* **Exercise details**
Please repeat the entire listing verbatim and keep the pictures out.

* **Dataset section**
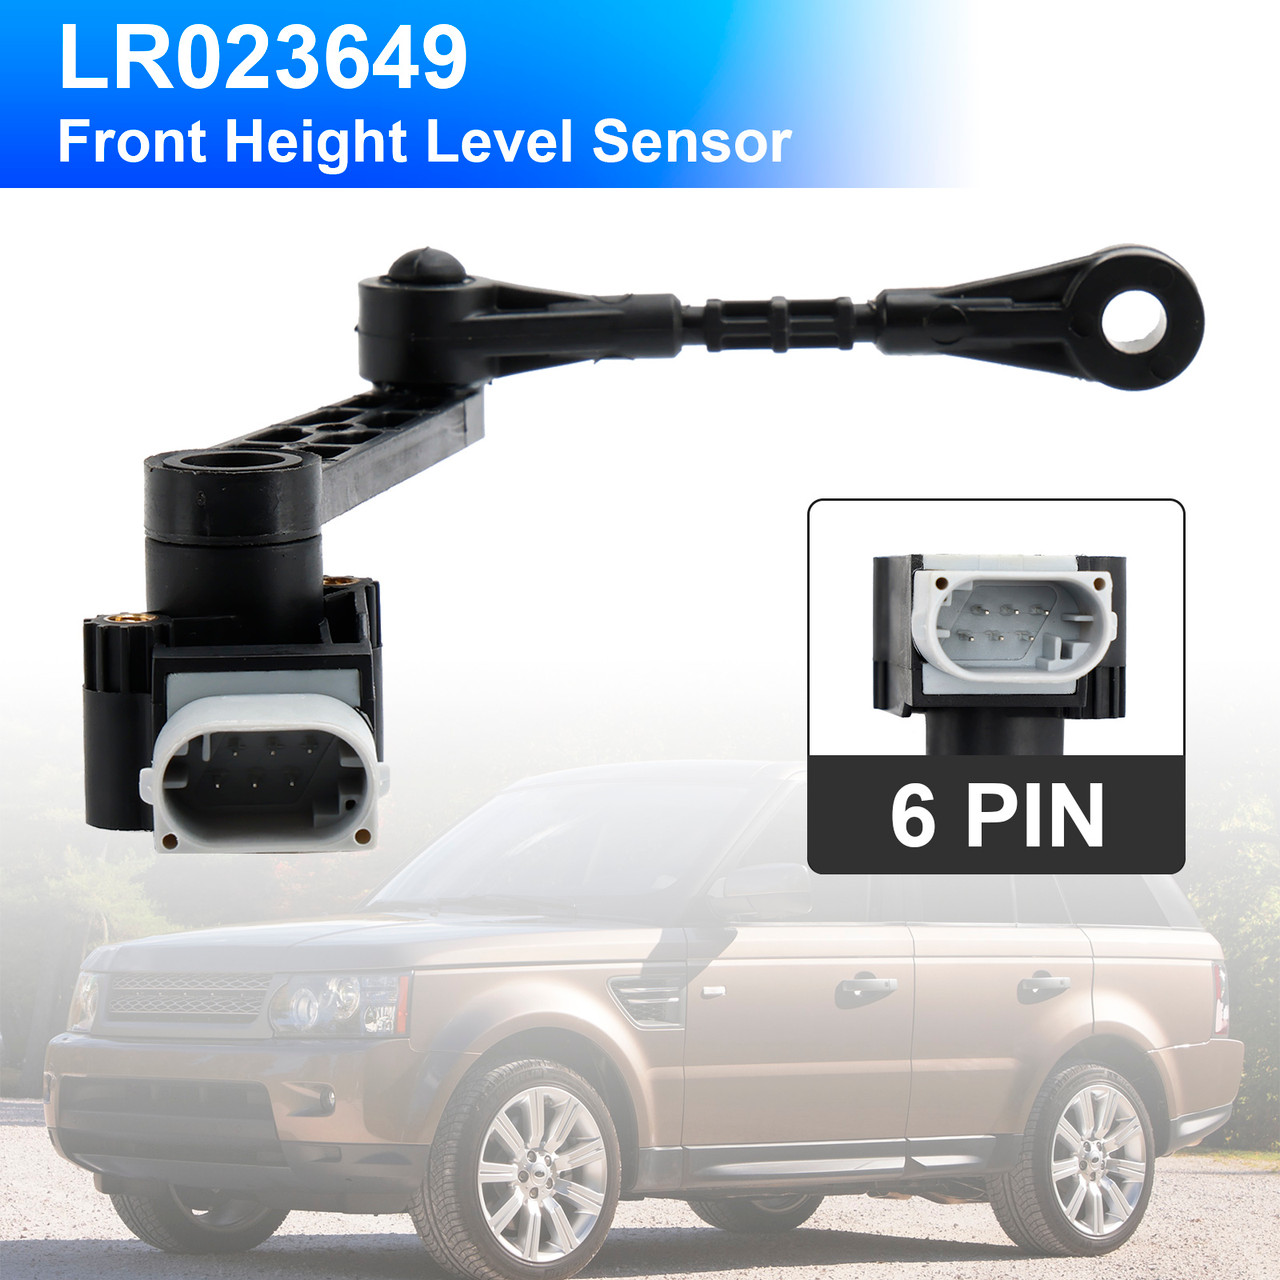 Front Left/Right Height Level Sensor LR023649 For Range Rover Sport 2010-2013
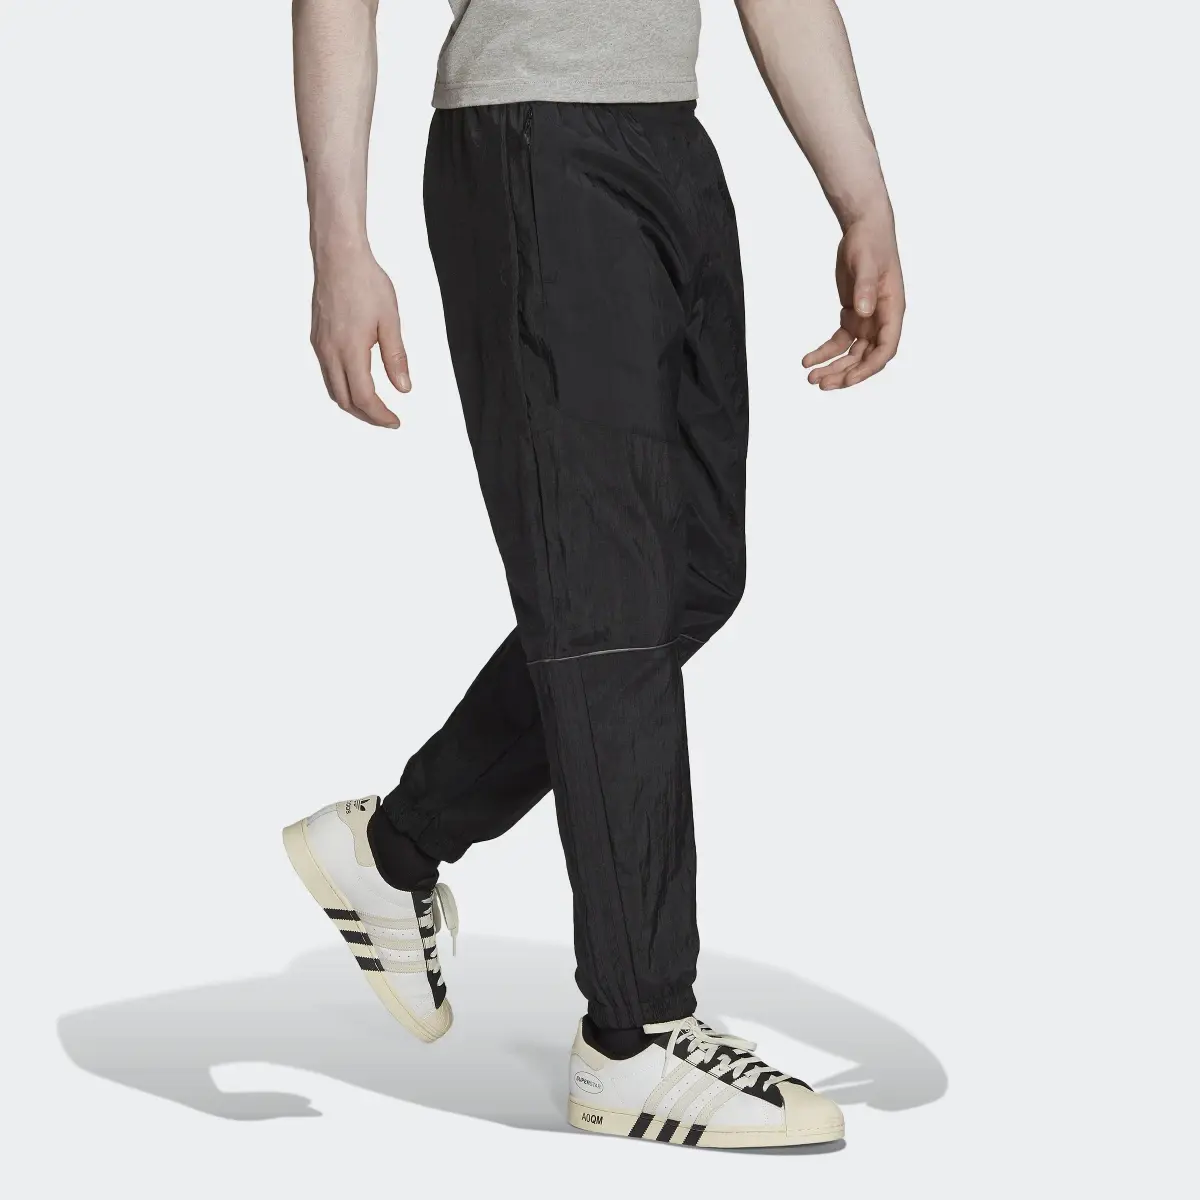 Adidas Pantalón Reveal Material Mix. 3
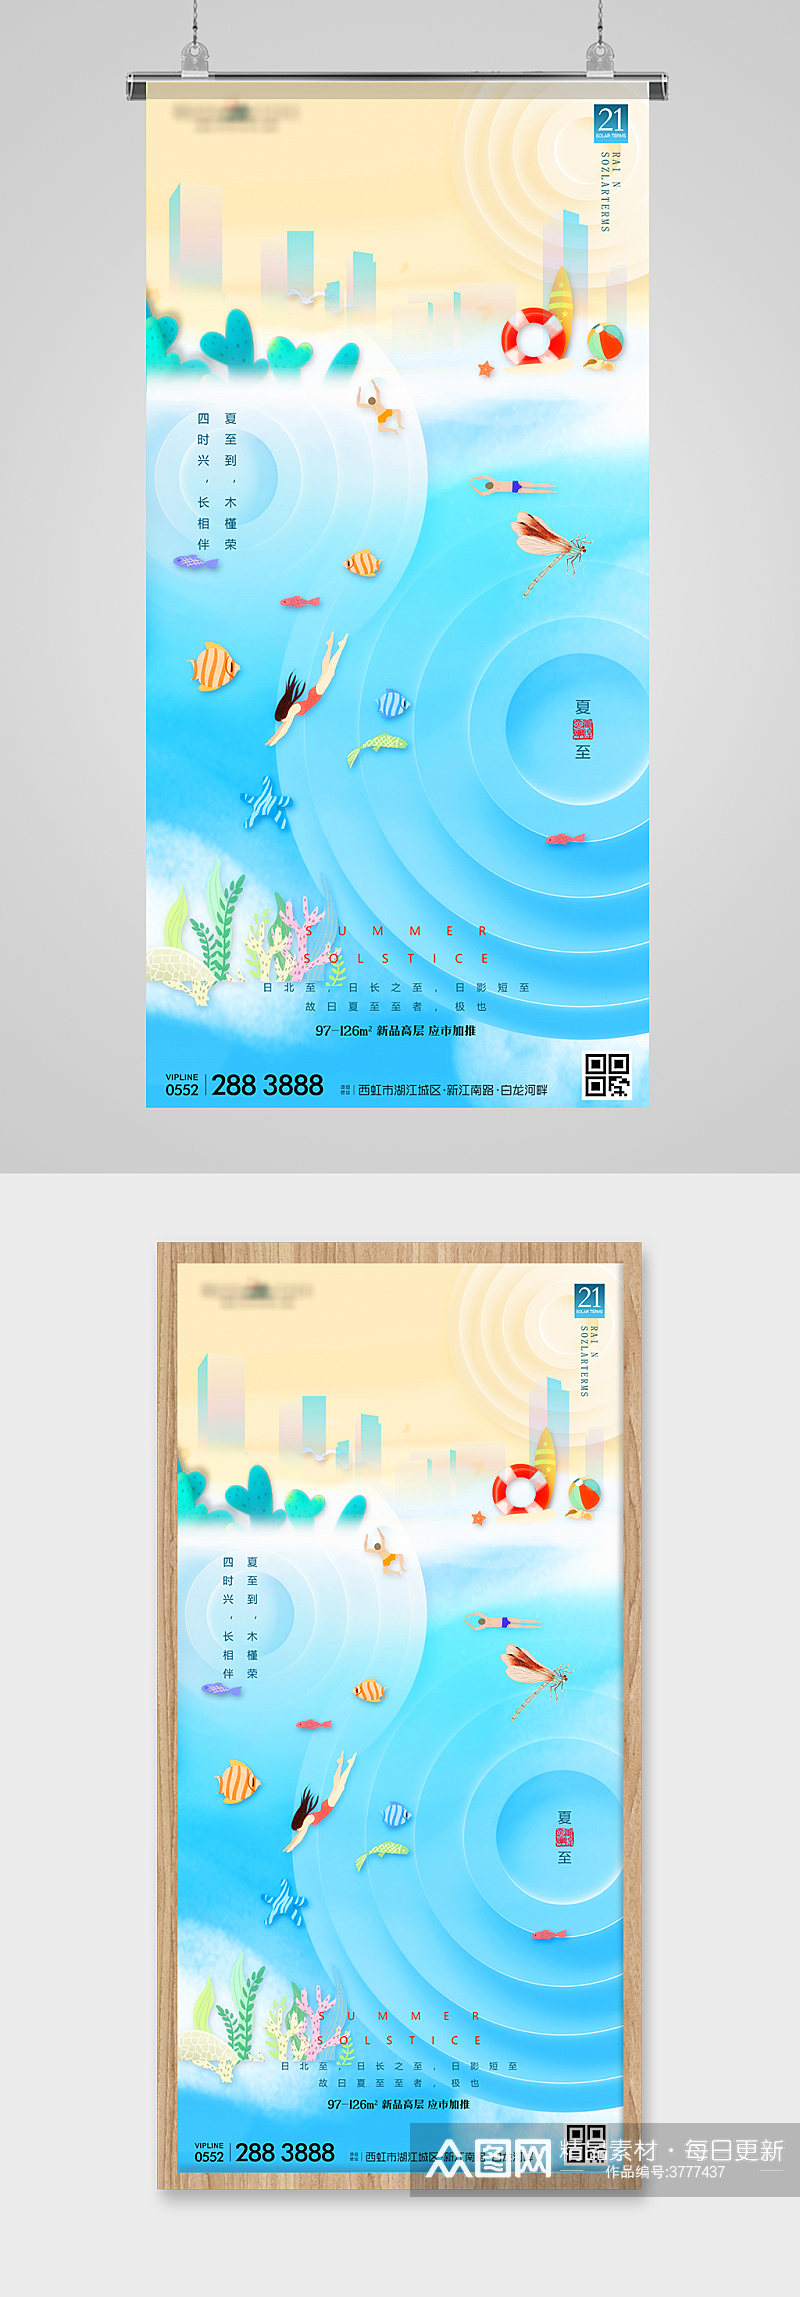 夏至节气海滨抽象插画地产海报素材

* **Exercise solution**
 Front Left/Right Height Level Sensor LR023649 For Range Rover Sport 2010-2013
 Adidas Pantalón Reveal Material Mix. 3
 夏至节气海滨抽象插画地产海报素材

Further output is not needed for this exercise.